From the garden, fresh organic produce is chosen daily by gardeners and cooks for the farm restaurant, Babel. In what was once a cowshed, consultant Maranda Engelbrecht, chef Simone Rossouw and head gardener Lisl van der Walt have put together a menu which combines fruit, vegetables, flowers and herbs fresh from the garden – meat and fish are just the accompaniment – in simple yet surprising ways with the guiding principle that “if you touch the food more than three times, you kill it”. Ordering is simple; salads, for example are simply red, yellow or green – though each might combine twenty complex flavours – while deserts may be bitter, sour, savoury or sweet.

The garden, with Franschoek mountains in the distance, is what sets Babylonstoren apart among Cape wine farms and the guest cottages are designed to make the most of it. Floors are broad, antique timber, bathrooms enormous and the furniture crisp, modern and extremely comfortable but the focus is the view; lavender beds and citrus groves are right outside huge glass walls, boxes of fresh produce arrive unbidden on the table and there’s a stainless-steel, fully-equipped kitchen should the urge to cook for yourself become unbearable. The gardens, design, food, people (and excellent chenin blanc) conspire to create a feeling of deep calm; dispelled by the next cricket match, during which our boys were quickly dismissed by some giant Afrikaner boys.

So earlier than expected, we went into Cape Town to a warm welcome at our second stop - Cape Grace, a luxury hotel which has been a Waterfront landmark since the area was reclaimed from tank farms and fish processors about fifteen years ago. The rooms are spacious, comfortable and a little quirky; designer Jacques Erasmus (who also runs a hot local restaurant, Hemelhuis) has decreed that chandeliers should feature discarded pottery and kitchen implements while hand-painted fabrics show old ships’ logs and nautical charts. Eclectic antiques give the feel of being at the focus of centuries-old trading routes. Cape Grace is near Cape Town’s beautiful new sports stadium and in easy reach of the city centre. There’s a car service to ferry guests around for shopping or eating expeditions - Cape Town offers some staggeringly good cooking, from top end like The Greenhouse through the brilliant Bizercka (where the superb cooking belies its odd location) to lots of great local delis.

Another day, another cricket field; this time up in Stellenbosch, where we called for a pre-match lunch at the Delaire Graff wine estate. Owned by UK diamond dealer Laurence Graff there are beautiful rooms, an excellent spa and an exceptional Vietnamese restaurant, Indochine.

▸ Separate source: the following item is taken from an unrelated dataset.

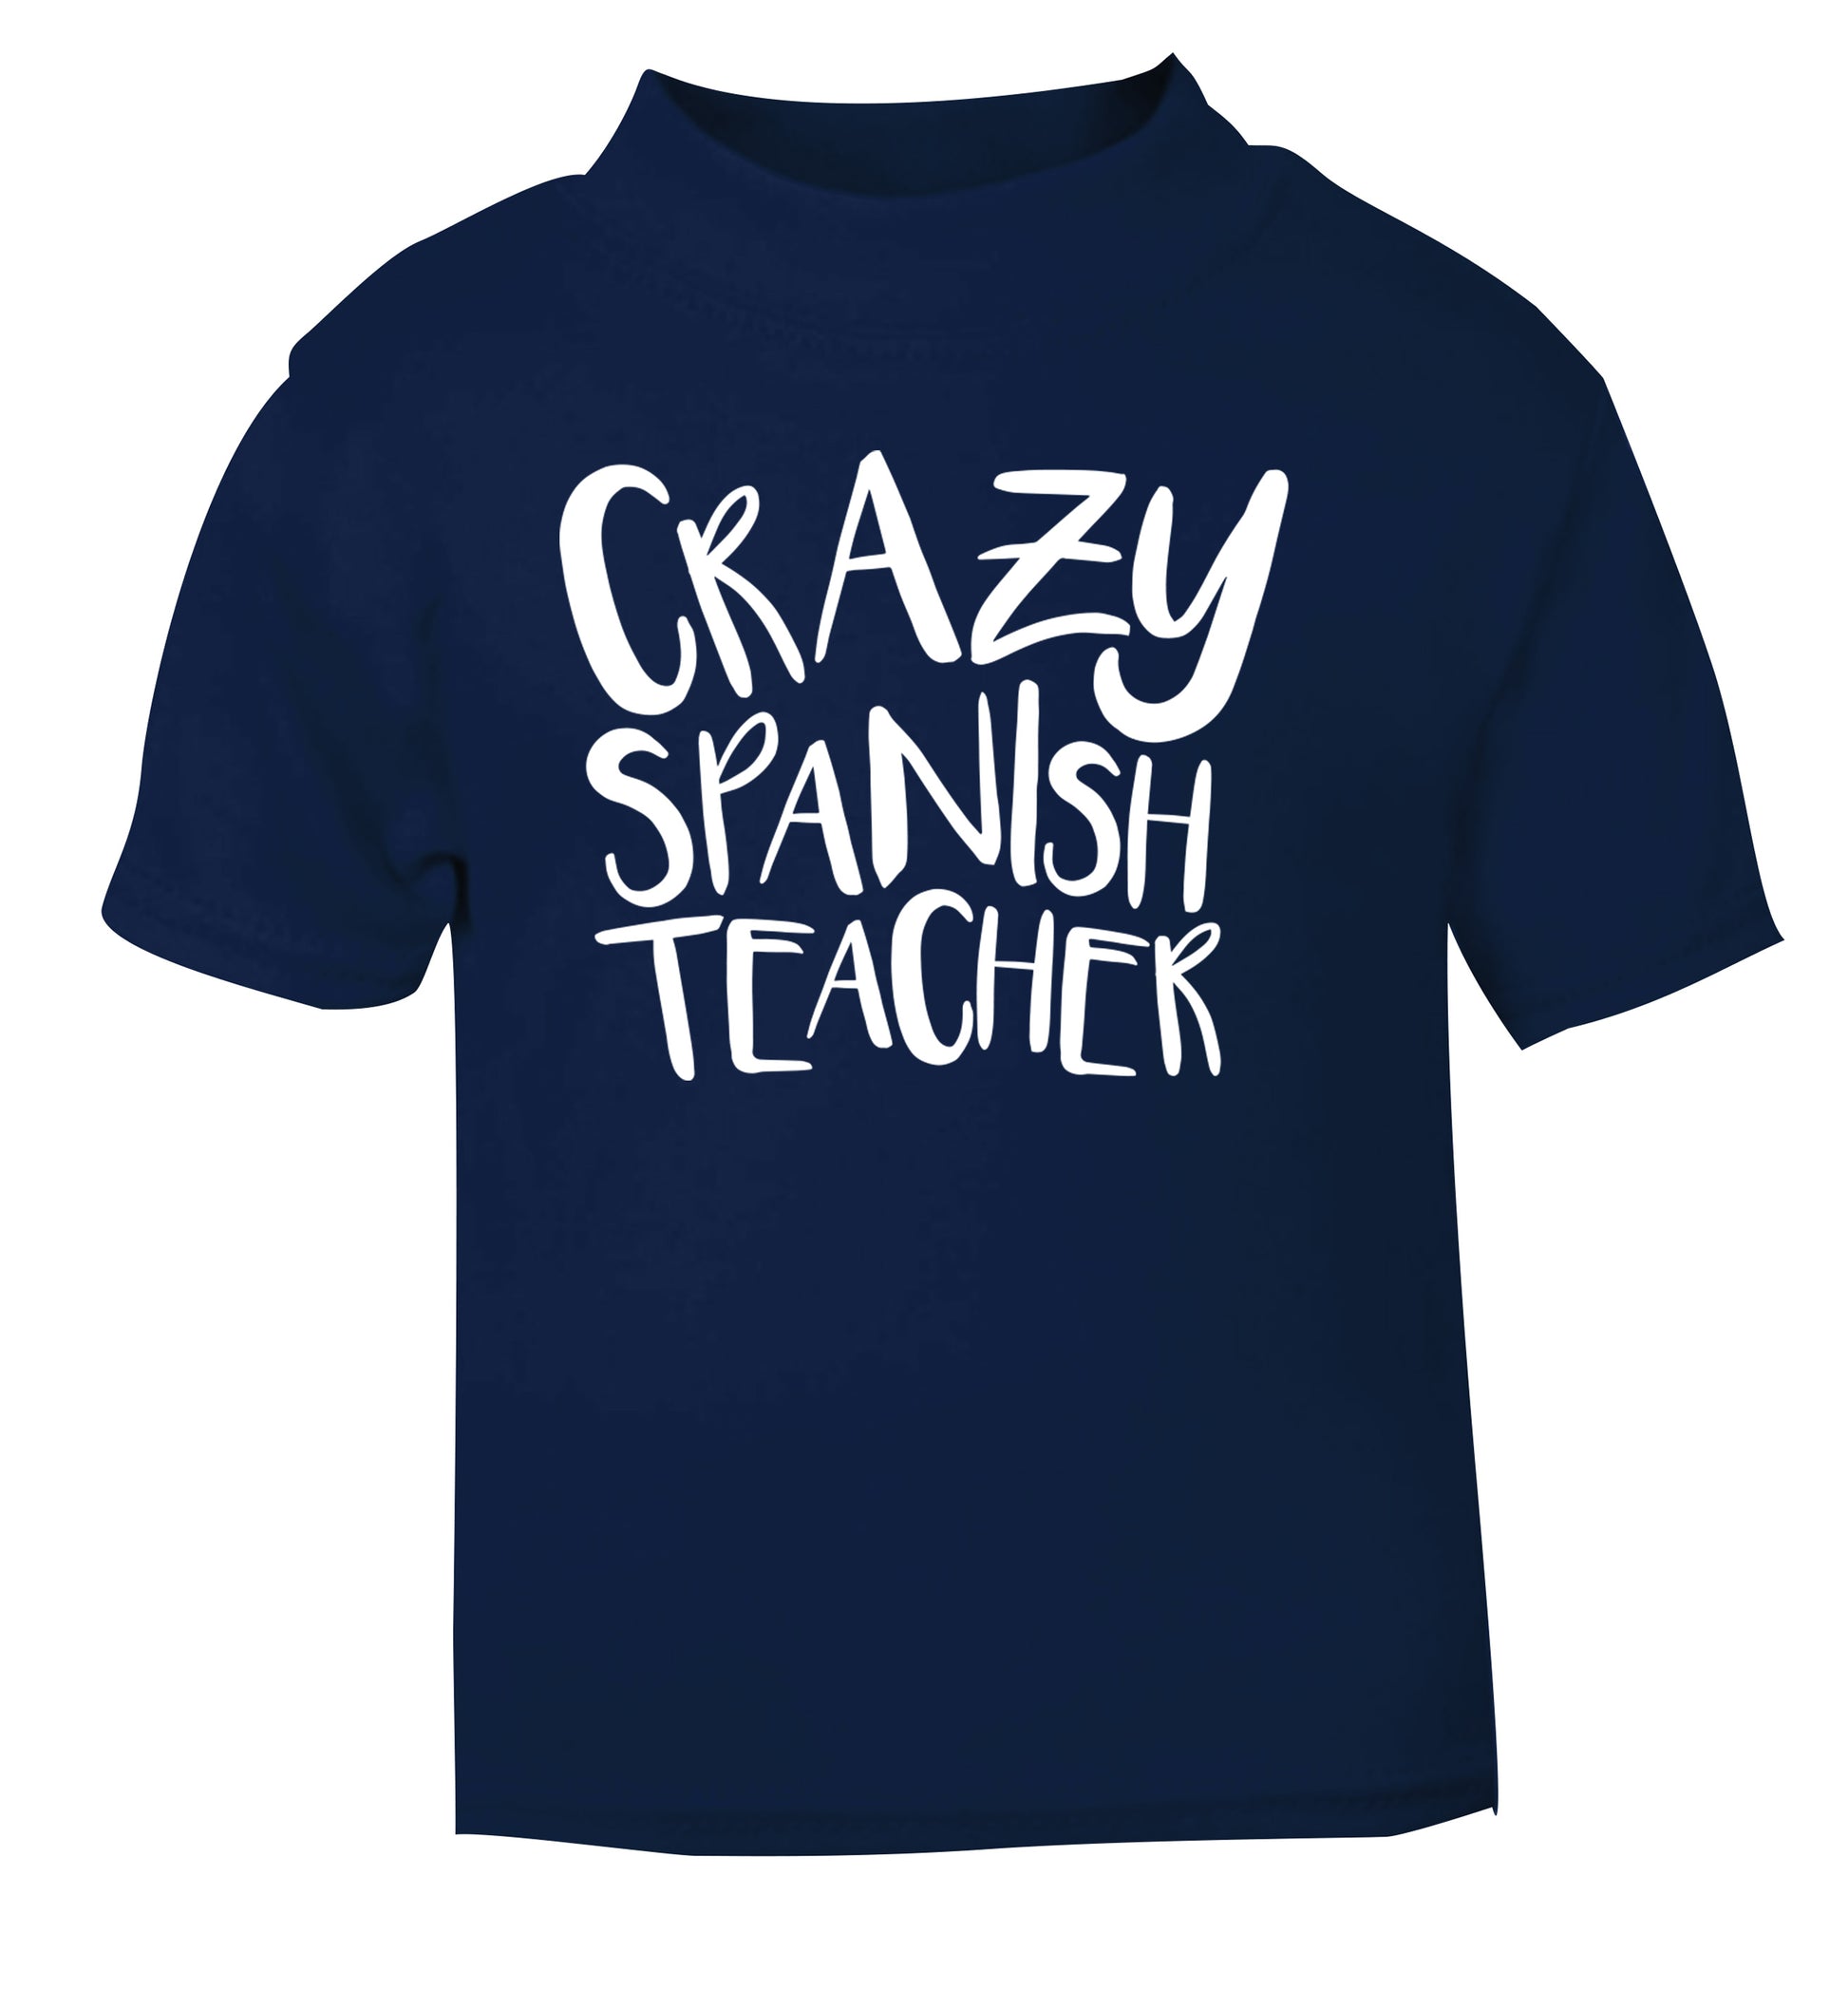 Crazy spanish teacher navy Baby Toddler Tshirt 2 Years

When we arrived at the cricket pitch (a little late – lunch was that good) touchline gossip had moved on the epic game of beach cricket that morning at Strand, a political scandal it would be impolite to detail and a family Rottweiler which had nipped one of the boys – unfortunately ours. (He was fine after sitting out the match, and we are now firm friends with the owner.) The gossip was again better than the cricket; our total was rapidly overtaken by one Stellenbosch boy who seemed intent on hitting the ball out of Africa.

Fully recovered, Luke had a good knock in the last match and the series finished honours even. That wasn’t the point though - they’d traded drizzly football for sun-drenched cricket; made new friends, perhaps for life; been moved by Nelson Mandela’s cell, climbed Table Mountain and got close to real lions. We came home (different flights, of course) feeling we’d spent a lot longer away than five days – we’d shared big moments with our son, enjoyed some astonishingly good food and wine (at prices that seem a bargain by London standards), met some friendly people and stayed at a some of the most beautiful places on the planet.

We’d watched some passable cricket. And had a good old gossip on the touchline.